The other day we offered the following lead-in to a blog post titled “What’s the Best Advice You Ever Got From Your Military Dad?“:
Fathers are known to offer advice, professional life tips if you will — whether pithy or verbose — that will stay with you, and help guide you, for the rest of your life.
Now civilian dads are one thing. But military dads? They’re a whole other breed, man.
Please share with us a bit (or bits) or advice you received from your military dad. You can write them in the comments on our Supporting Our Veterans Facebook page or in the comment section below.
We’re looking forward to hearing from you!
… we’ll share the best entries in an upcoming post on our blog AND our Facebook audience of millions …
We’re a blog of our word, and as such, we present to you the best responses to the query.
Here they are (editor’s note: nothing was changed — i.e. grammar, spelling, etc.):
The Rule of the Three !S’s “Don’t do stupid things, don’t go to stupid places, don’t hang out with stupid people.”
Whenever I got into trouble he would make me tell him what ‘S’ I broke and reminds me of them before leaving for a night out. – Devon H.
I have neither the time or inclination to differentiate between the incompetent and the unfortunate!! In other words…no whining allowed. And yes my dad was a Marine 🙂 – Lisa B.
Never let someone else tell you that you can’t achieve something. Its not the distance that’s important, but the destination. – Keith T.
Raised by a Navy vet. “Arrive 5 minutes early, give your word and keep it.” Also ” Don’t ever let me catch you marrying a reservist.” – Kristen S.
Coming from a 24 year Army retired LTC: “Join the Air Force or the Navy, you won’t have to sleep in the mud and you’ll eat hot food.” Went Navy, great advice. – Louis A.
A neat bed represents a mans character. A man who doesnt start his day with an order will end his day in disorder. A man in disorder accomplishes nothing. A man who accomplishes nothing is a boy. – Andrew P.
Just tell the truth. Even if you think it’s gonna hurt because a lie will hurt twice as bad sooner or later.

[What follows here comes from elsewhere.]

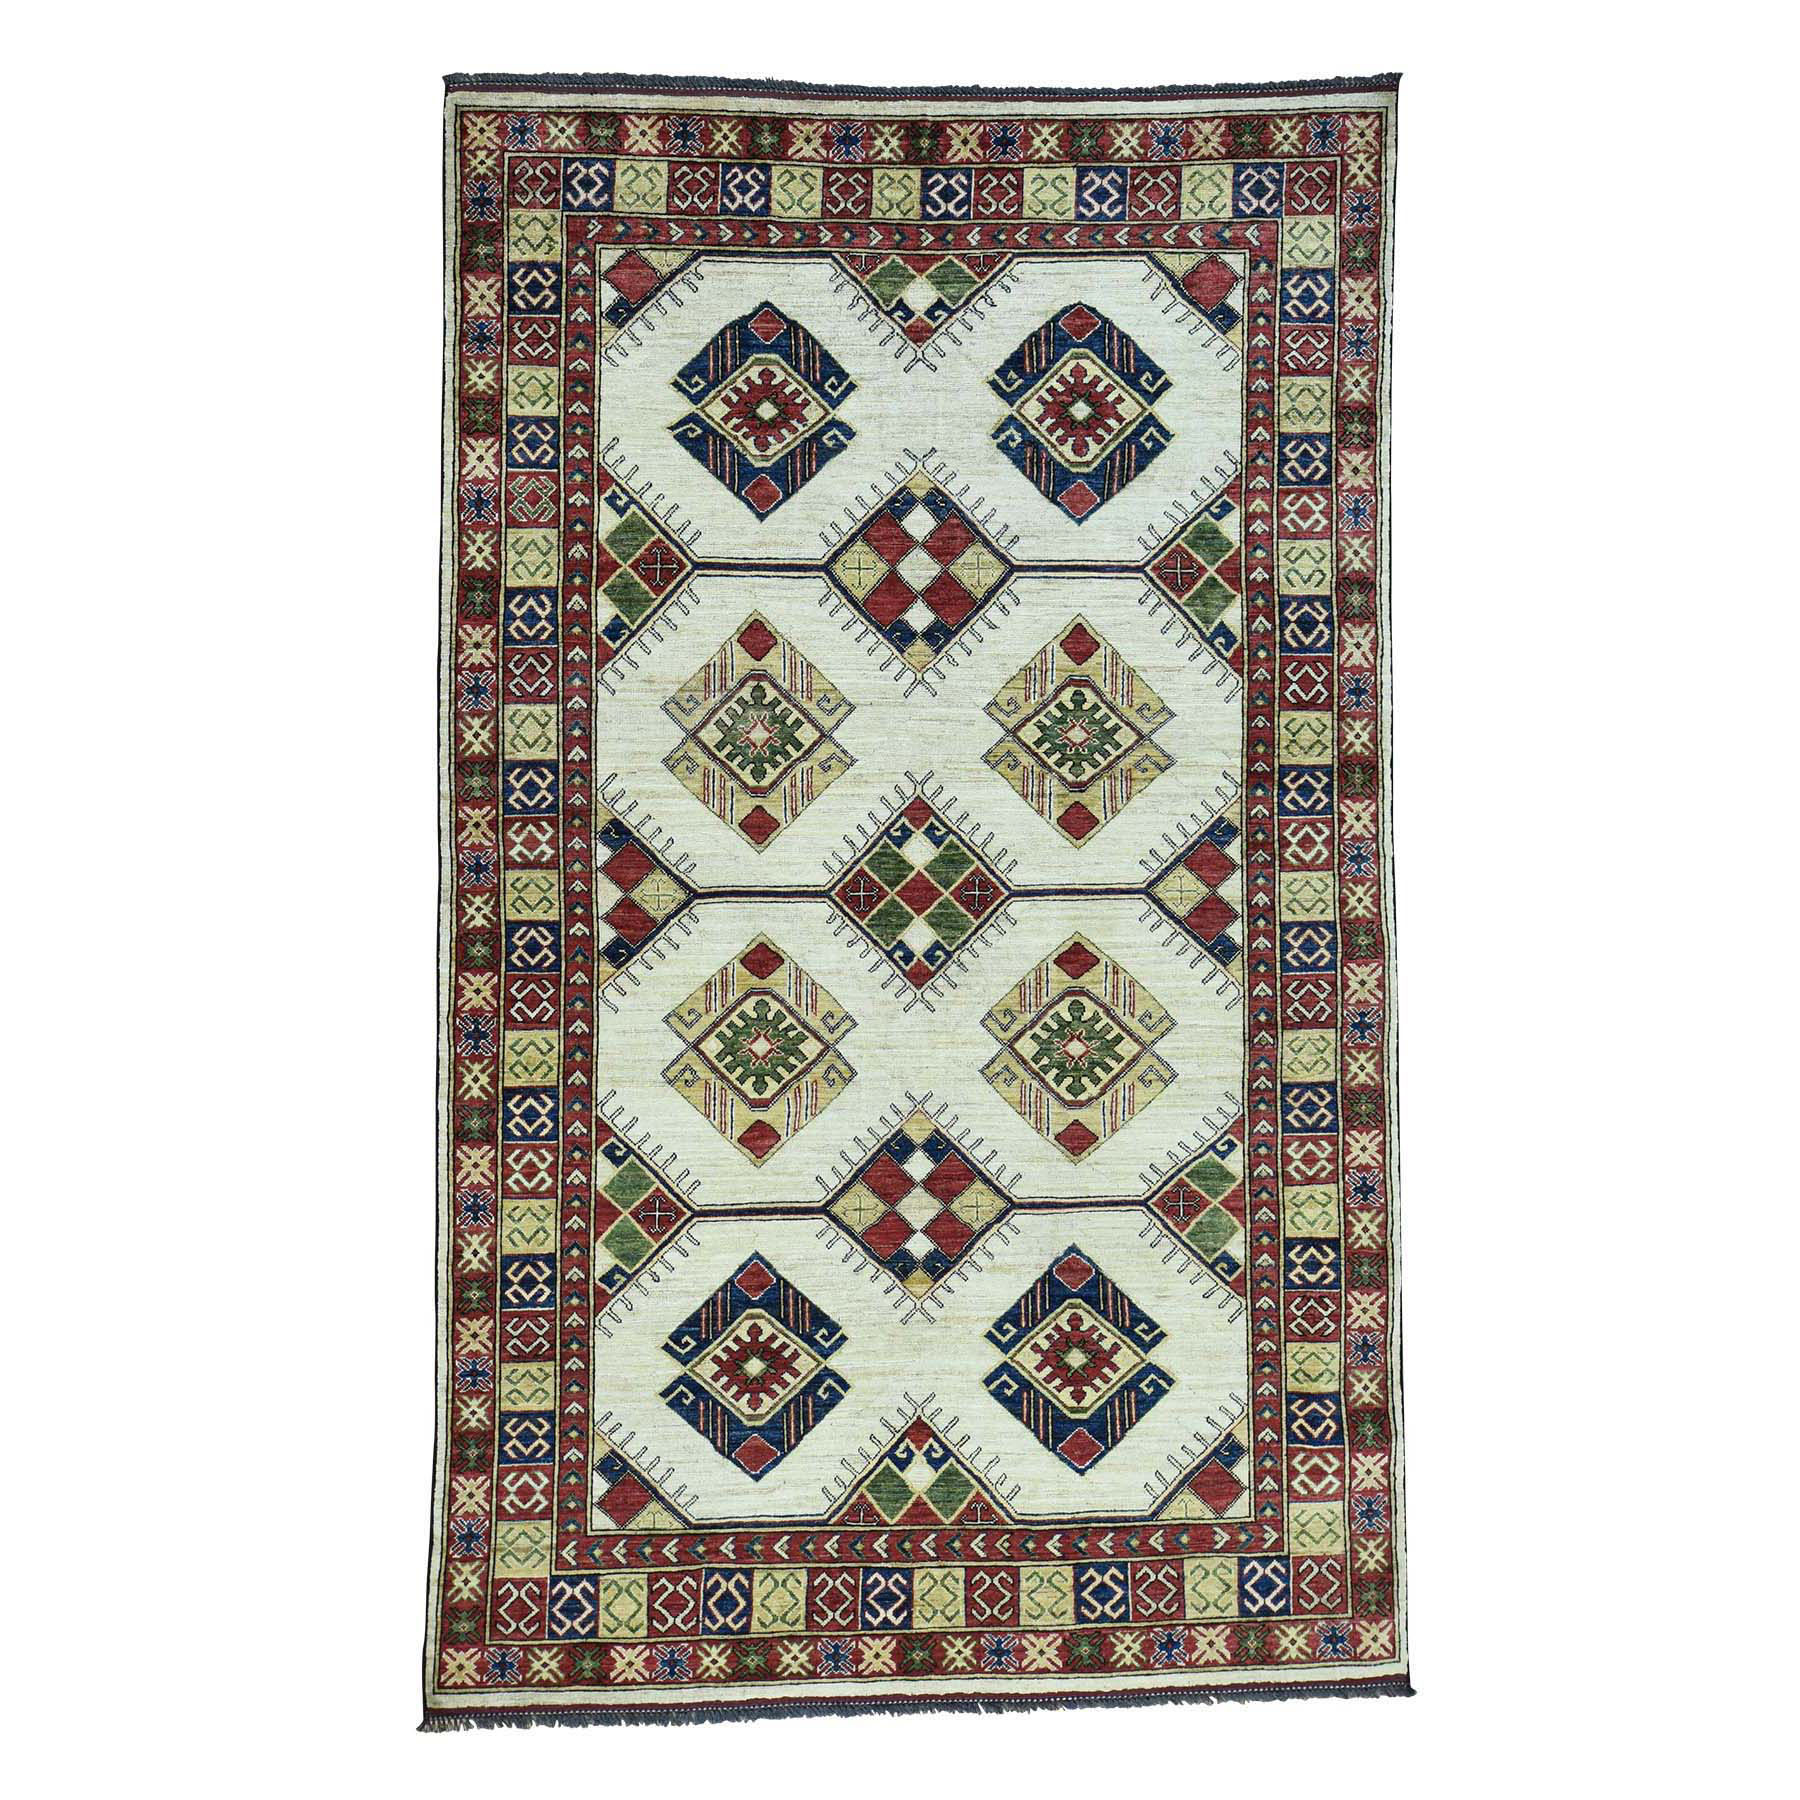 6'X10' 100 Percent Wool Hand-Knotted Turkoman Ersari Oriental Rug moacced7

Oh, and “No excuses”. – Morgan P.
You get in the shower, get wet, turn off the water, wash off, rinse, and get out in 5 minutes! If you weren’t out in 5, the water was shut off!! – Marty P.
Never start a fight, but if someone else starts one with you, you’d darn well better finish it. – Carol T.
Be where you are supposed to be, doing what you’re supposed to be doing, when you are supposed to be doing it. – Bill D.
Always be aware of your surroundings, take care of your feet, and always be prepared for the unexpected #DaughterofaVietnamVet – Michelle M.
Don’t let people or things live in your head rent free. – Jeanne B.
“Integrity is everything.” And “Don’t dip your pen in company ink”. – Brett S.
Better to tell all right away and take it like a man then hide it and add to your troybles – Tim D.
When your body is tired tell your body to shut up, because you are in charge. – Oli N.
Measure twice, cut once. Trust but verify. – Lucas B.
If you’re on time you’re late. – Melissa D.
Read your history books. – Calvin L.
You don’t poop because you have to, you poop because you like to. – Drew A.
“Illegitimate non Carborundum” – Marquita L.
Never pass up an opportunity to use the head (bathroom.) – Bob P.